Antibiotic resistance is widely recognized as one of the most pressing global health challenges, resulting from the rapid and uncontrolled spread of multidrug-resistant bacterial and fungal pathogens. The progressive loss of effectiveness of conventional antibiotics highlights the urgent need for alternative therapeutic strategies. In this scenario, antimicrobial peptides (AMPs) have attracted increasing attention as promising candidates for the treatment of infectious diseases, due to their broad-spectrum activity, diverse mechanisms of action, and reduced likelihood of inducing resistance compared to conventional antibiotics.

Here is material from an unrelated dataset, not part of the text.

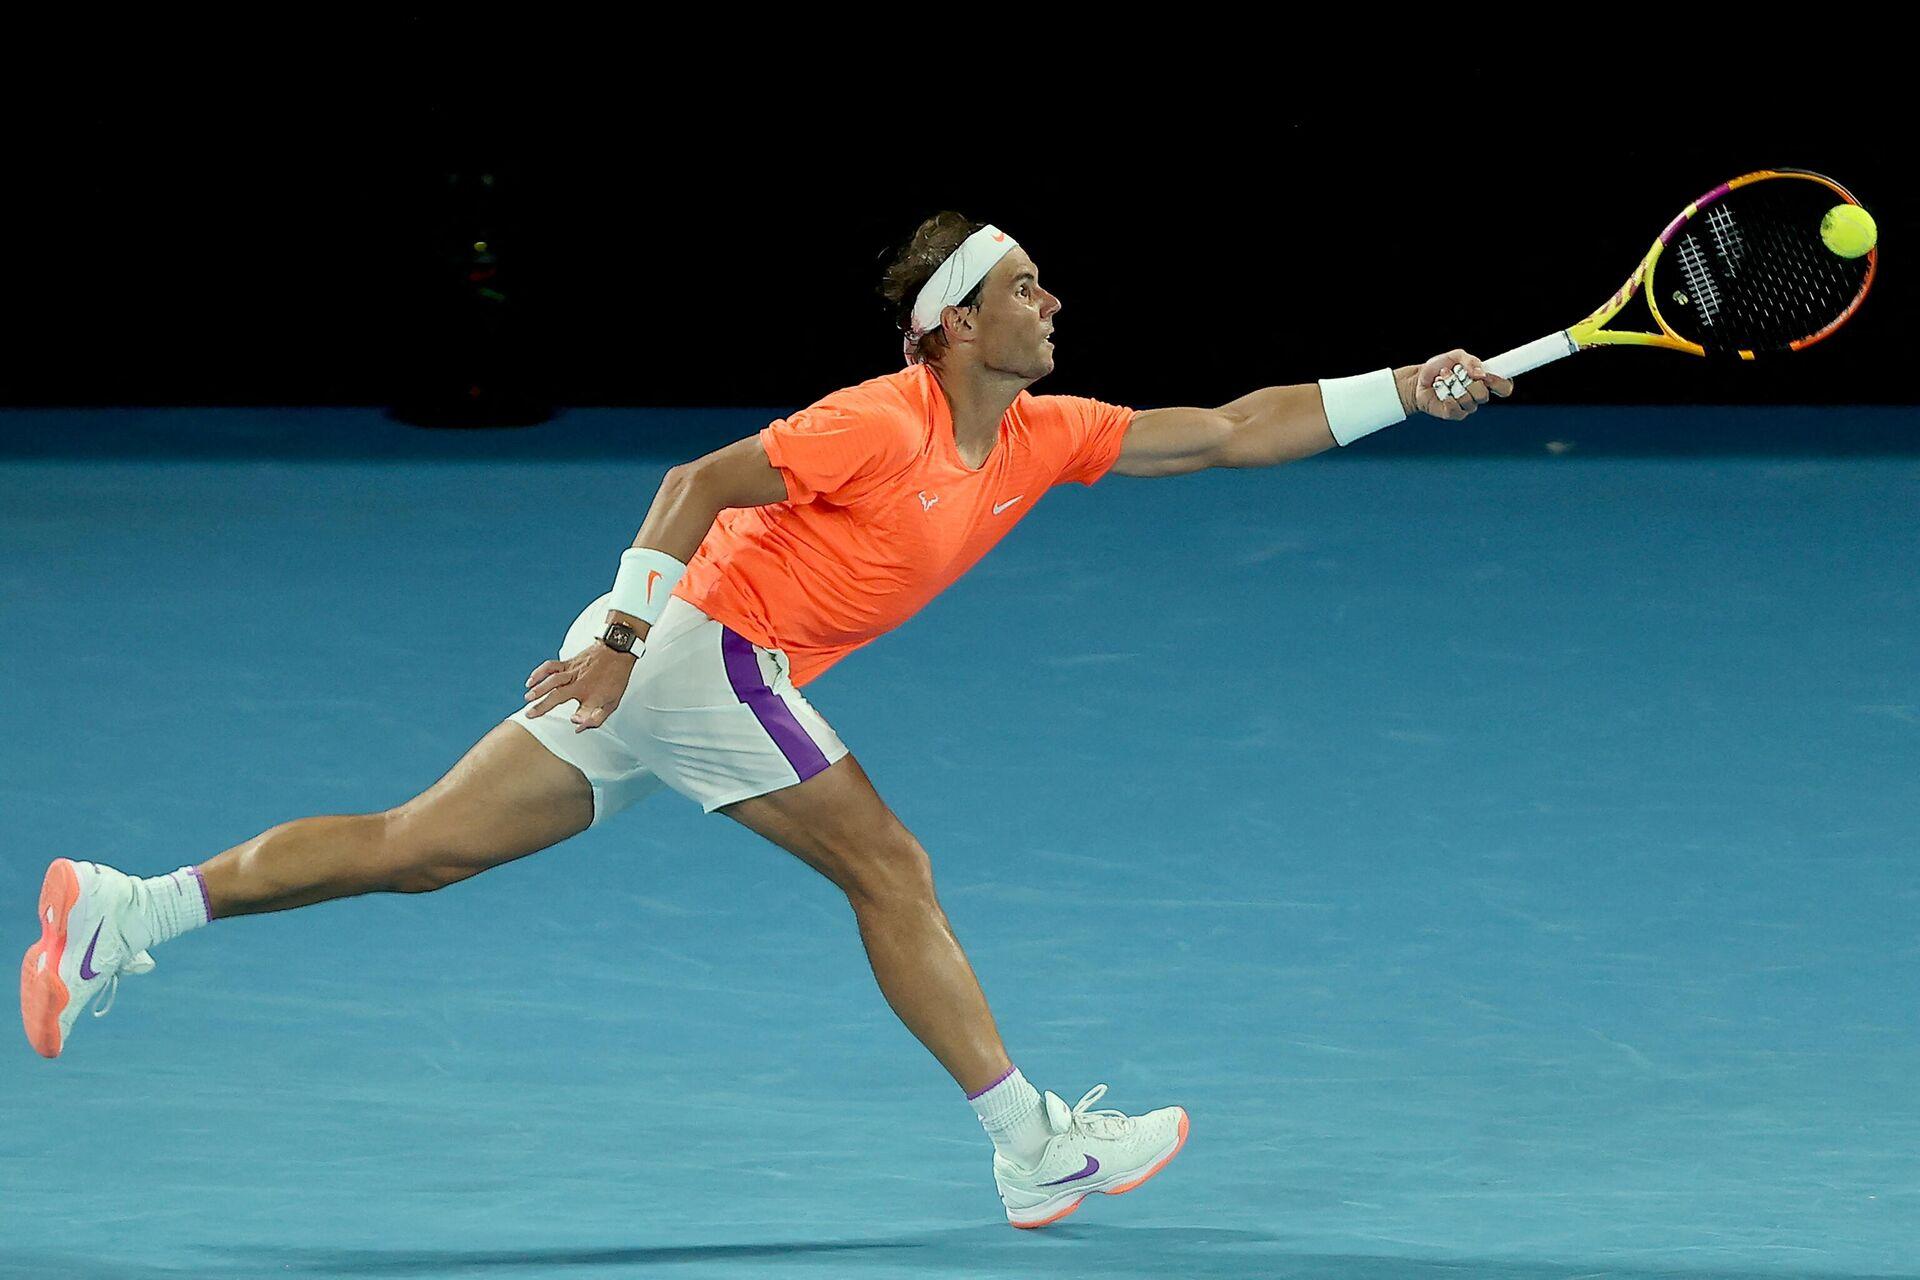 Rafa Nadal durante el partido de cuartos del Open de Australia 2021 ante Tsitsipas - Sputnik Mundo, 1920, 17.02.2021

This study investigates the potential of novel synthetic AMPs inspired by natural peptide scaffolds and developed through advanced rational design approaches. Natural peptides from a Mediterranean medical plant Charybdis pancration (Steinh.) Speta were used as starting templates for the design of multiple modified peptide sequences employing in silico tools based on artificial intelligence and deep-learning models. These computational strategies enabled the optimization of key physicochemical properties associated with antimicrobial and antibiofilm activity.
The designed peptides were subsequently evaluated using a combination of in silico analyses and in vitro tests to validate their predicted MICs against relevant Gram-negative pathogens (Acinetobacter baumannii and Pseudomonas aeruginosa) and Gram-positive pathogens (antibiotic-resistant Staphylococcus aureus). In particular, the in silico analysis predicted MIC values against Pseudomonas aeruginosa ranging from 48.8 to 10.9 µg/mL.
Overall, this work highlights the value of integrating natural peptide sources with artificial intelligence-based design methodologies for the discovery of new antimicrobial candidates. Such an approach may help to expand the current antimicrobial pipeline and provide innovative solutions to combat the growing threat of antibiotic resistance.